14 septembre 2023 - 07:00
Projet de cinéma au centre-ville
Cash et crédibilité
Par: Martin Bourassa

Qu’est-ce qui demande le plus d’audace? Mettre sur pied un organisme à but non lucratif dans l’espoir de faire revivre une vieille salle de cinéma au centre-ville ou appuyer financièrement ce projet à l’aide de fonds publics, à raison de 500 000 $ étalés sur cinq ans? Dans les deux cas, il faut en avoir à revendre et j’aime ça!

Jusqu’ici, il faut saluer la détermination avec laquelle le cinéaste maskoutain Claude Gagnon pilote le dossier. En plus d’avoir jeté les bases du Cinéma Maska, il a réussi à convaincre une poignée d’intéressés à le suivre dans la relance du Théâtre Maska sur l’avenue de l’Hôtel-Dieu. Un conseil d’administration a même été formé.

Mais Claude Gagnon n’est pas seulement un réalisateur de talent. Il est aussi un sacré bon vendeur puisqu’il a convaincu la Ville de Saint-Hyacinthe d’allonger jusqu’à 500 000 $ pendant les cinq prochaines années pour soutenir cette aventure.

Un seul conseiller, David-Olivier Huard du district Douville, a trouvé à redire. Il déplore que la Ville s’engage financièrement dans ce projet, alors qu’elle refuse de rehausser son appui à d’autres organisations qui ont des besoins criants, prétextant ses contraintes budgétaires actuelles. Des contraintes qui n’empêchent pourtant pas ce conseil d’envisager majoritairement d’investir plus de 30 M$ dans la reconstruction de la promenade Gérard-Côté.
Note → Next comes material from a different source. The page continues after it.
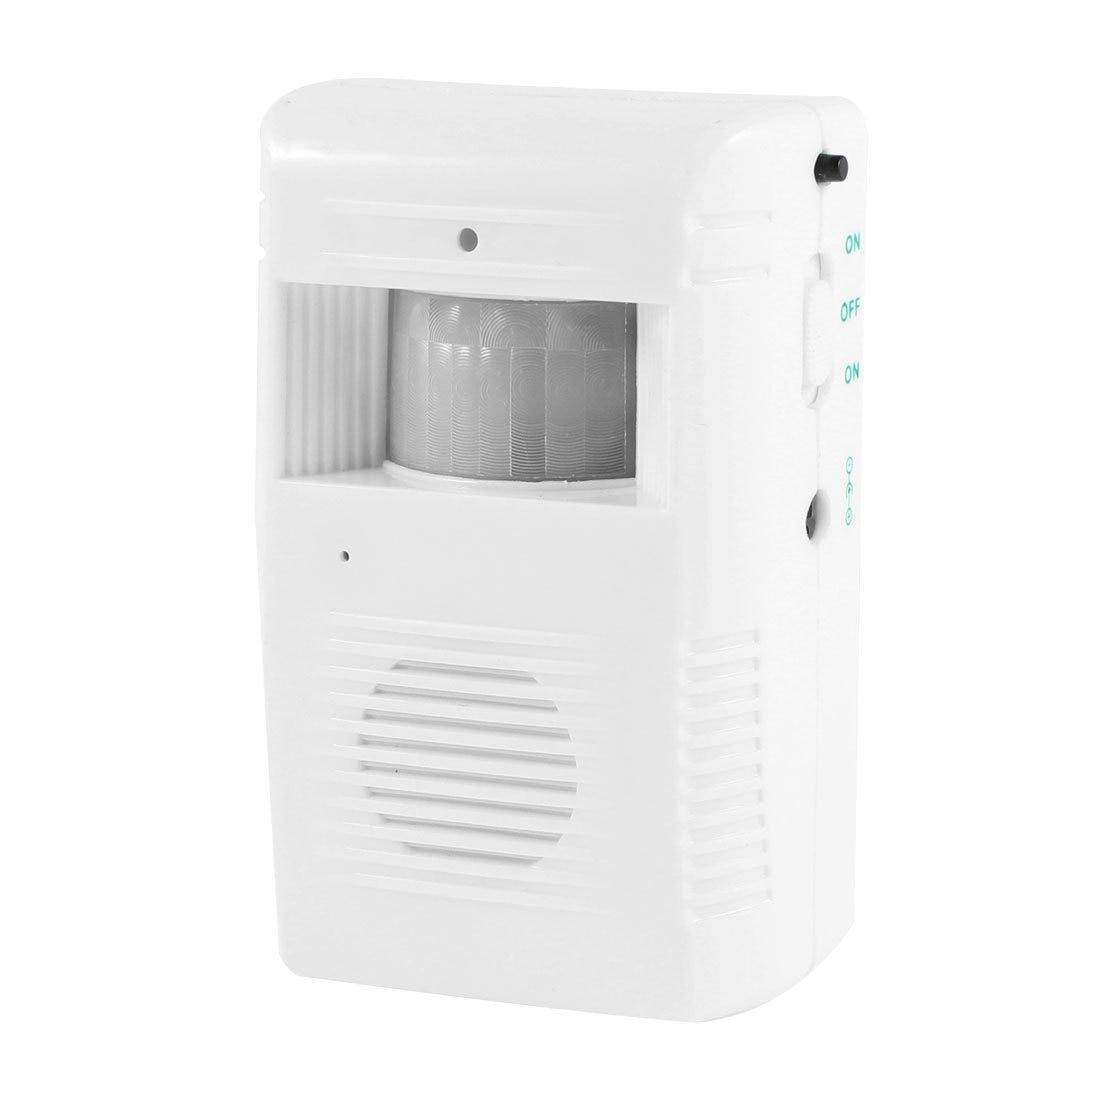 цена на MOOL Music Chime Voice Greeting Warning Infrared Motion Sensor Welcome Doorbell White

Avez-vous seulement une petite idée du nombre d’organismes communautaires que l’on pourrait soutenir avec une somme de 30 M$?

Je m’écarte un peu de mon sujet, mais pas tant que ça.

Aussi bon vendeur soit-il, Claude Gagnon n’est pourtant pas au bout de ses peines. Tout le financement est loin d’être attaché. On comprend que, si la rentabilité d’une salle de cinéma au centre-ville de Saint-Hyacinthe sautait aux yeux, il y a longtemps que le privé se serait manifesté. Ce n’est pas le cas. Un OBNL pourra-t-il réussir à acheter la bâtisse, à la rénover de fond en comble et à réussir à y opérer avec succès un cinéma de répertoire ou de niche, tout en ne concurrençant pas les salles de cinéma commerciales? Il y a des sceptiques dans la salle.

À commencer par Jean Colbert, l’ancien propriétaire de salles de cinéma à Saint-Hyacinthe. Dans une lettre qu’il nous a fait parvenir, puis en entrevue, il parle d’une aberration totale, d’un projet voué à l’échec, donc d’un gaspillage de fonds publics si on lit le moindrement entre les lignes. Je comprends son point de vue. Et je réagirais sans doute comme lui si j’apprenais que nos élus envisageaient d’investir 500 000 $ pour soutenir un nouveau média communautaire. Mais dans le cas du Cinéma Maska, j’estime qu’on doit donner une petite chance au coureur. J’aime le beau risque pris par la Ville de Saint-Hyacinthe. J’aime savoir que la Ville, avec un budget annuel de 133 M$, est assez audacieuse pour accueillir de telles opportunités quand elles se présentent. Des opportunités qui ne figurent pas dans son plan triennal d’immobilisations.

Avec l’appui de la Ville, le Cinéma Maska vient soudainement de gagner en crédibilité auprès des donneurs de subventions et des prêteurs. Claude Gagnon ne passe plus pour un hurluberlu. Il est soudainement plus pertinent, ce qui va en déranger certains.

Mais si cet appui lui assure un bel élan, il ne garantit pourtant rien. Ces 500 000 $ pourraient n’exister que sur papier. Cette aide financière est en effet assujettie à un paquet d’exigences et de conditions qui n’ont rien de simples formalités.

À cet effet, il est toujours étonnant de constater à quel point la Ville est capable d’appliquer des standards différents selon la nature des projets ou l’identité des promoteurs derrière ceux-ci. En mars 2020 par exemple, aucun conseiller n’avait manifesté son désaccord ni émis le moindre bémol quand la Ville a annoncé qu’elle s’engageait à investir plus de 2 M$ sur 20 ans auprès de l’OBNL qui a acheté, puis pris en charge les opérations de l’aéroport de Saint-Hyacinthe. J’ai beau lire et relire cette entente, je n’y trouve aucune cible à atteindre, hormis les exigences d’usage au niveau de la reddition de comptes. Et qui avait fièrement appuyé cette résolution au nom du conseil? Je vous le donne en mille : David- Olivier Huard.